世界資源戦争 51 米国のエネルギー政策 石炭回帰

2008年7月に原油価格が1バレル147ドルの最高値を記録したのは、まだ記憶に新しい。その裏で密かに熱い視線を集めていたのが石炭だ。石炭は150年以上の埋蔵量があり、石油や天然ガスと比べて安価だ。アメリカやロシア、中国、オーストラリアなど政情の安定している国の埋蔵量が多いため、価格も安定している。

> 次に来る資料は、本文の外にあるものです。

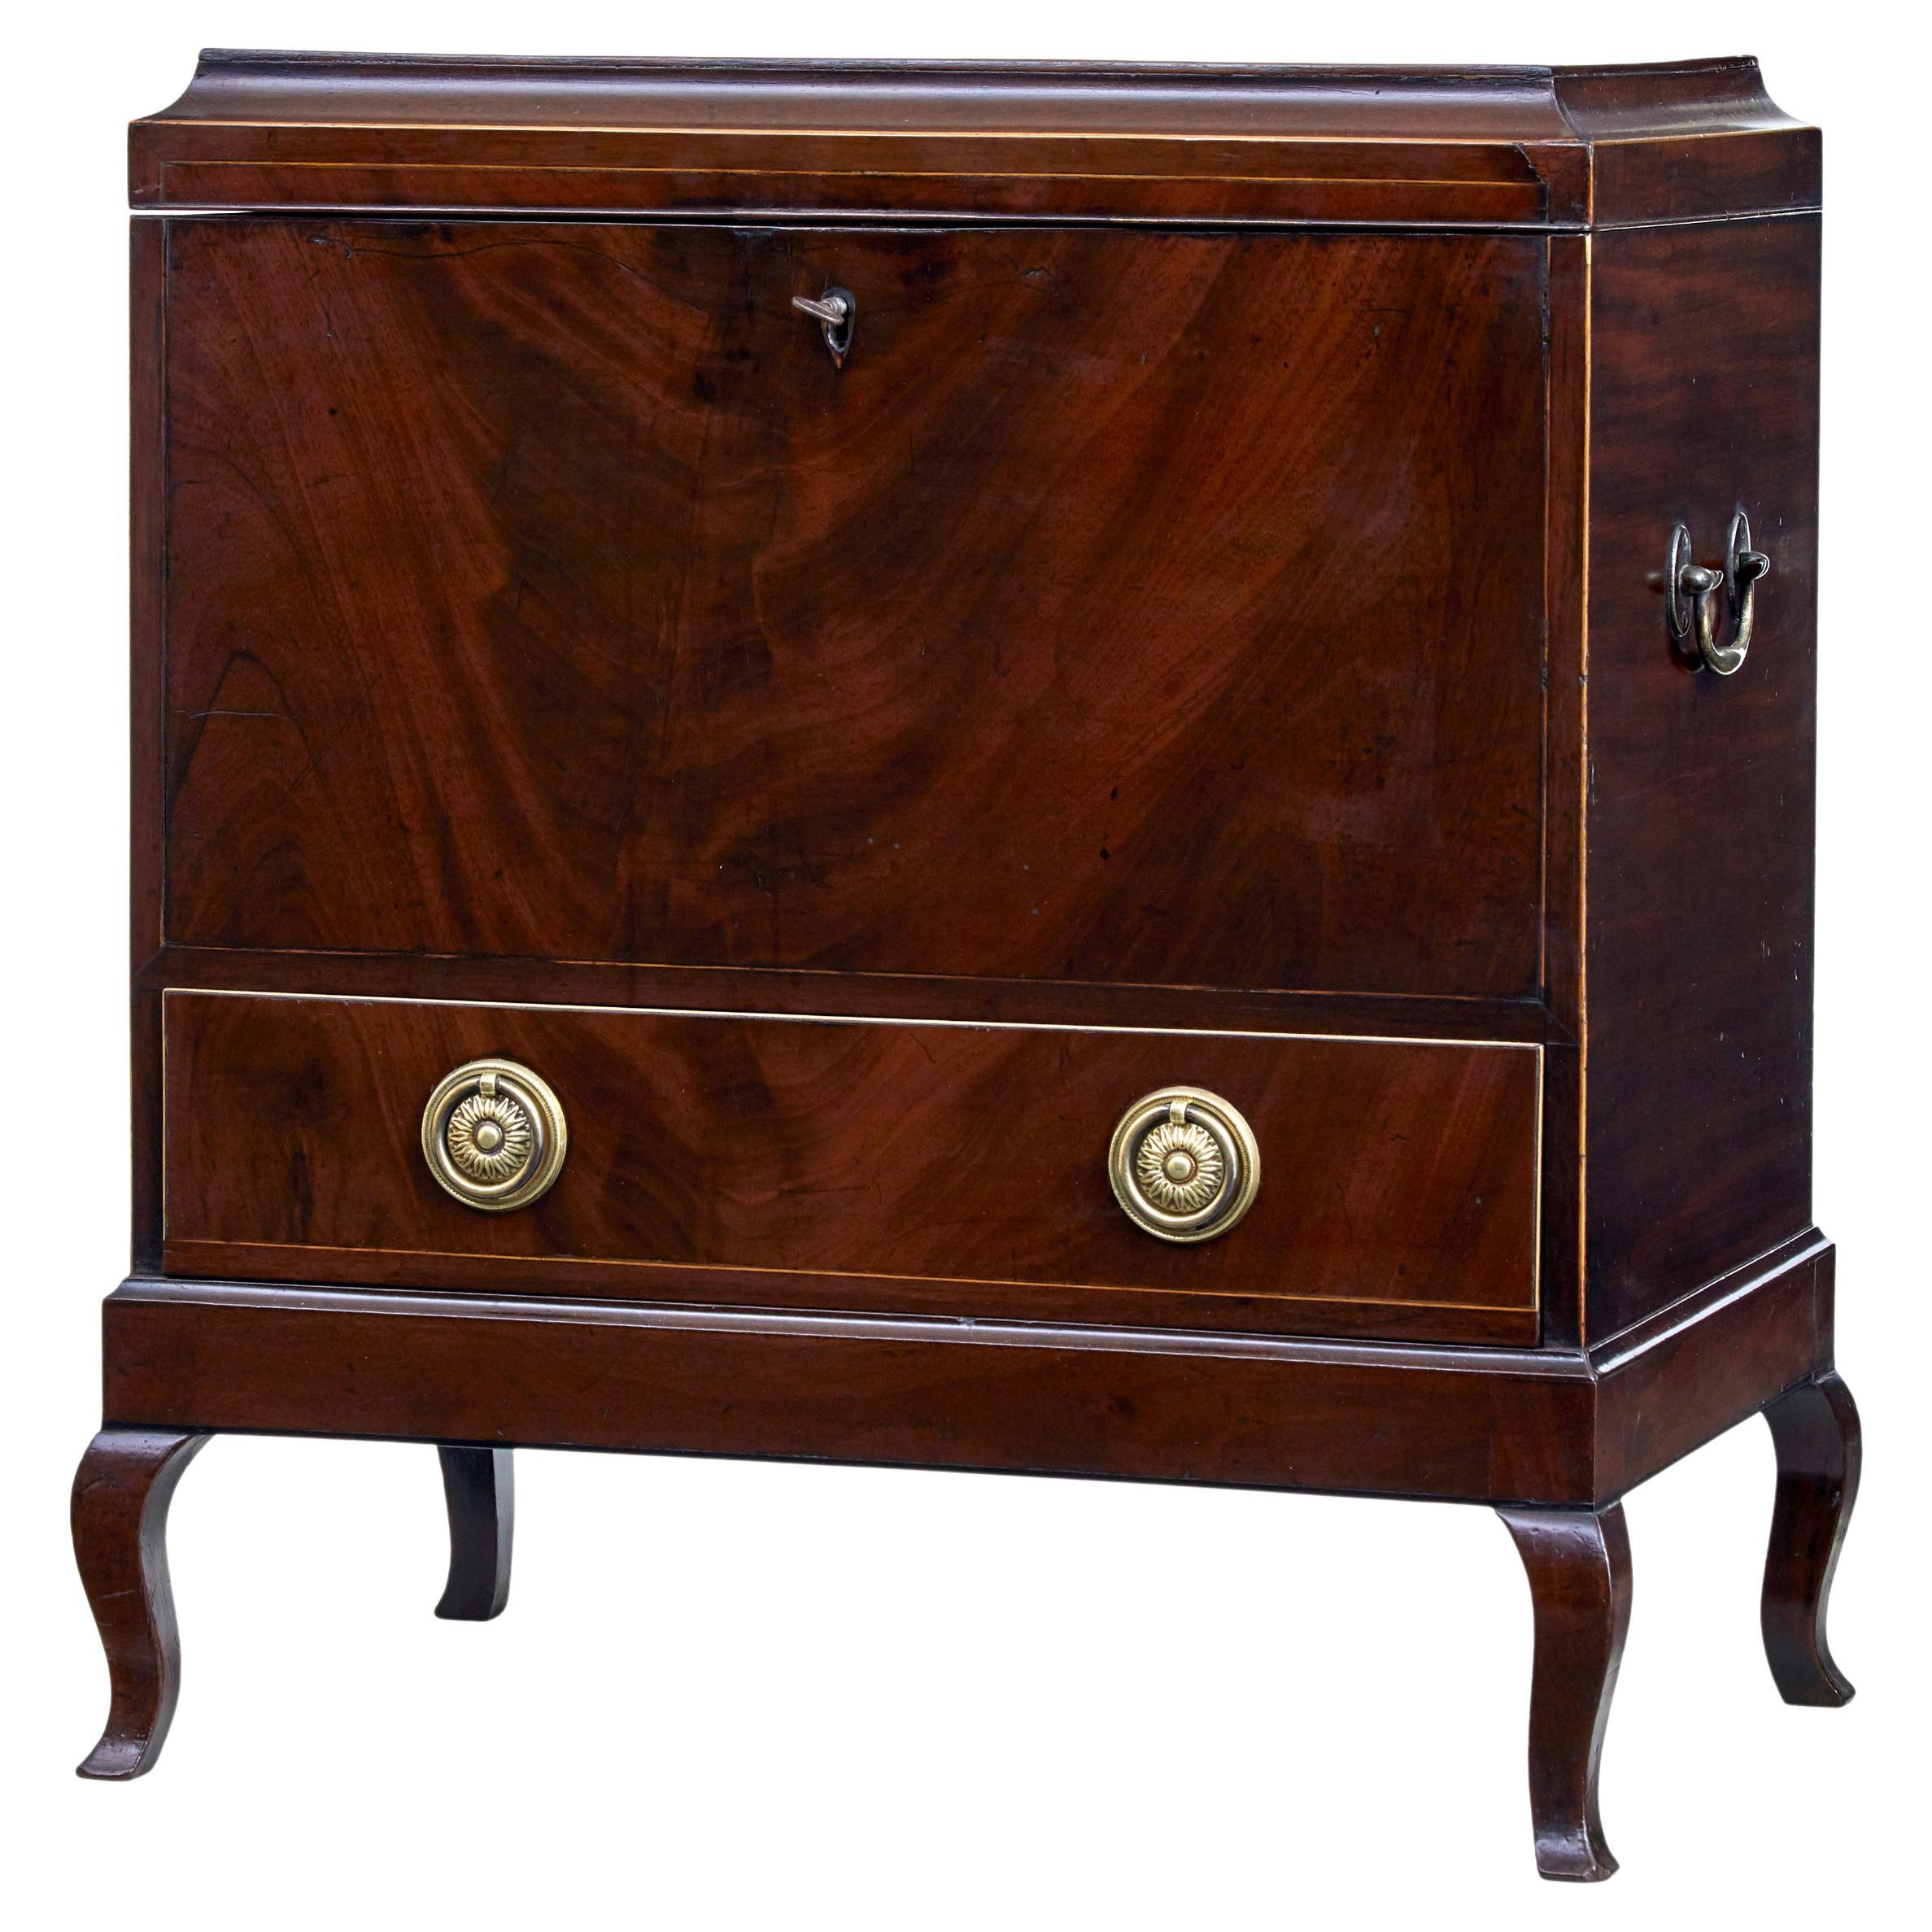 Early 20th century Edwardian mahogany inlaid wine cooler For Sale

コスト面での優位性により石炭を発電燃料・産業燃料として用いている国は少なくない。たとえばアメリカ、中国、ドイツだ。アメリカとドイツの発電燃料は石炭が首位。中国でも全エネルギーのうち7割以上を石炭が占めている。中国で原子力発電が進まないのは、石炭依存が高いからである。

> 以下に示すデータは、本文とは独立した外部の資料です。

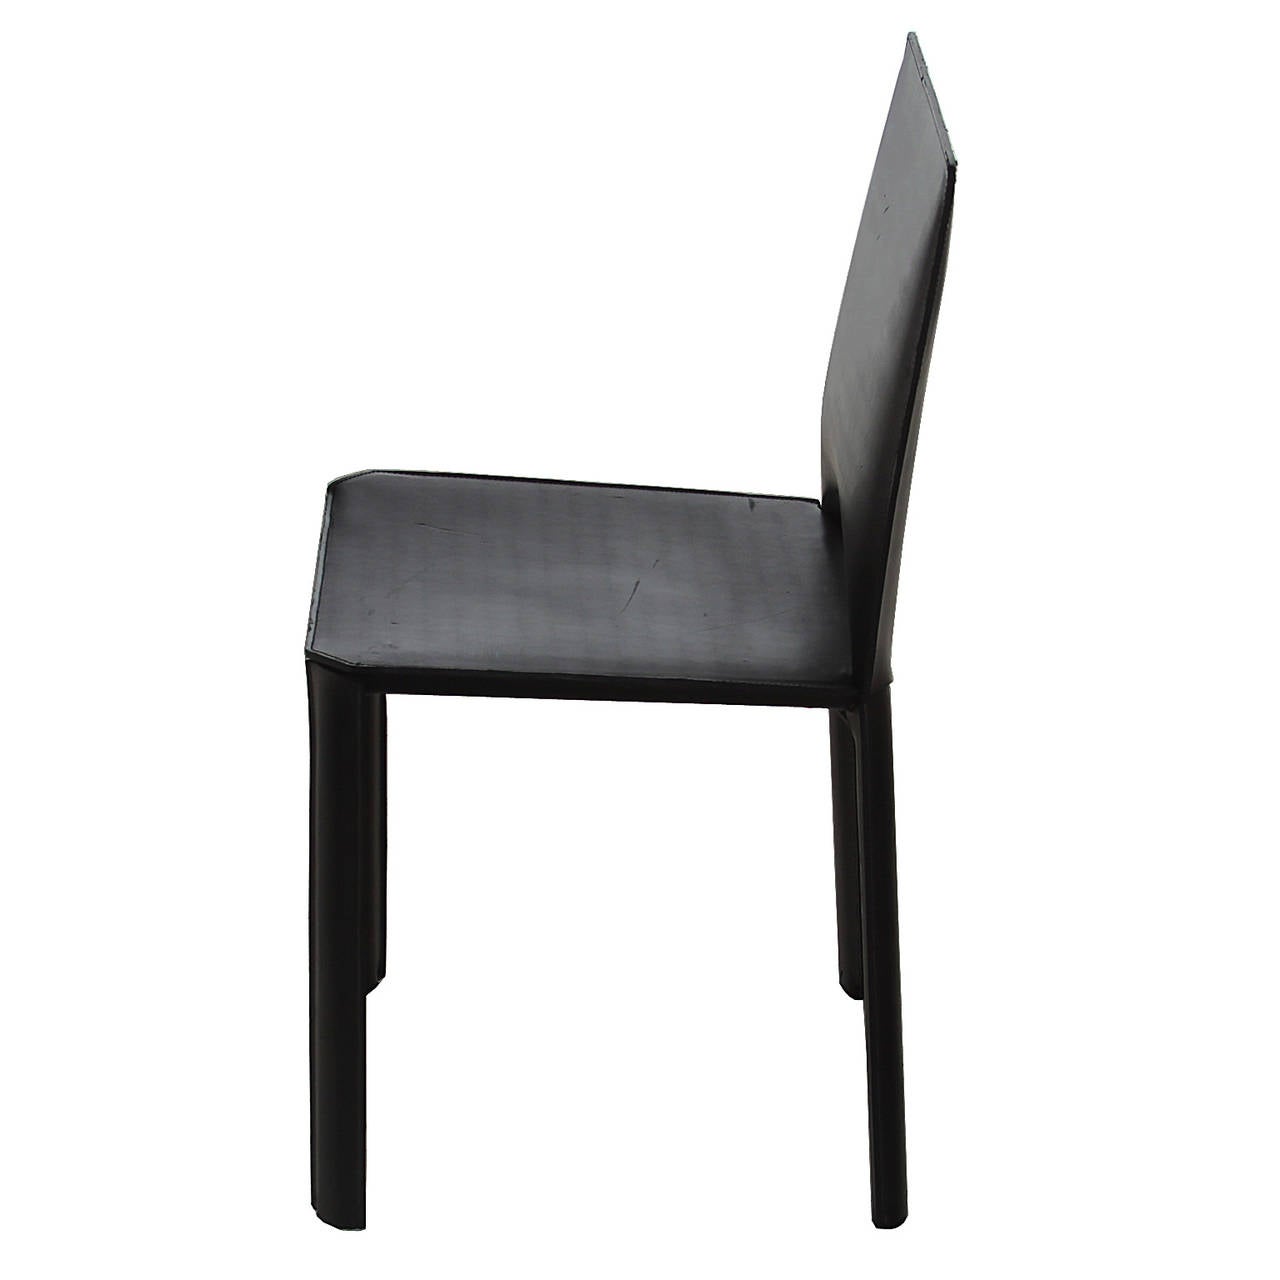 A beautiful single chair from Brazil. The chair is very simply designed and has an elegant look. These chairs are steel frames wrapped in a belt thickness black leather. Leather has been burnished and restored but chair retain original age and

2004年から始まった資源高。多くの人が原油価格の高騰に目を奪われていた頃、製造業と大手商社に「石炭回帰」の動きが静かに進行していた。石油代替エネルギーとしての石炭の旺盛な需要を反映し、日本は世界最大の石炭の輸入国となった。中国は石炭の生産大国でありながら、国内消費が伸びたことで、2007年中に石炭の純輸入国に転じたのではないかと予想される。中国と並び経済成長が続くインドでも、石炭の消費量が増大、中国同様に世界各地からの石炭調達の動きを加速させている。こうして「黒いダイヤ」「燃えるダイヤ」と呼ばれる石炭の争奪戦が始まったのである。

石炭のメリットは豊富な埋蔵量と価格だが、デメリットもある。カロリー(発熱量)の低さ、採掘・運搬・貯蔵にかかるコスト、燃焼した際のCO2排出量の多さである。

しかし、乱高下する原油価格に右往左往されるより、安定して低価格な石炭のほうが魅力的だ。さらに石炭が燃焼する際のCO2排出量を削減できる技術や、石炭液化やガス化の技術も進んだ。これらの技術開発は日本が先行している。

石炭液化技術とは、石炭を分解して液体の炭化水素、すなわち石油製品に変える技術だ。取り扱いにくい固体で、しかもカロリーが低く、炭種によって灰分やカロリーのばらつきがある石炭の欠点は消え去り、扱いやすくカロリーの高い液化油に転換することで、輸送や貯蔵がしやすくなり、CO2排出量も少なくなる。一方の石炭のガス化とは、石炭をガス化炉でガス化し、燃料ガスにかえてガスタービンをまわして発電する際に使われる。この場合、ガスを燃料とすることで熱効率がグンと上がる。熱効率が上がるということは、石炭と比較しCO2排出量の発生が減るということだ。

アメリカが石炭の環境負荷を低くして燃料として使う「クリーンコール」事業に本腰を入れ始めたのは、環境がビジネスになることをブッシュ大統領がようやく気づいたからであろう。あるいは石炭会社からの圧力があったのかもしれない。石炭の需要を伸ばすには、資源高は格好の追い風となった。

石炭利権はもともと共和党の縄張りであった。石炭生産量の多い州は、ワイオミング、ウェストヴァージニア、ケンタッキー、テキサス、モンタナなど2000年の大統領選挙でブッシュが勝利した州ばかりである。ブッシュ政権下で石炭回帰が起こったことは、当然の結果ともいえる。


前述したような技術が実用化され、導入されれば、世界最大の石炭埋蔵量を誇るアメリカは、エネルギーを自給自足できるようになる。現在は経済が低迷しているが、先進国で唯一人口が増加している国であり、燃料としての可能性を秘めた石炭を有している。そのポテンシャルはすこぶる高いといえる。

世界のトレンドとしては、代替エネルギーは燃料電池とガスだ。アメリカは両者の開発に巨額の予算を計上している。それと同時に、クリーンコール発電にも大きな期待を寄せている。それは温暖化対策というより雇用対策の色合いが強いようにも思われる。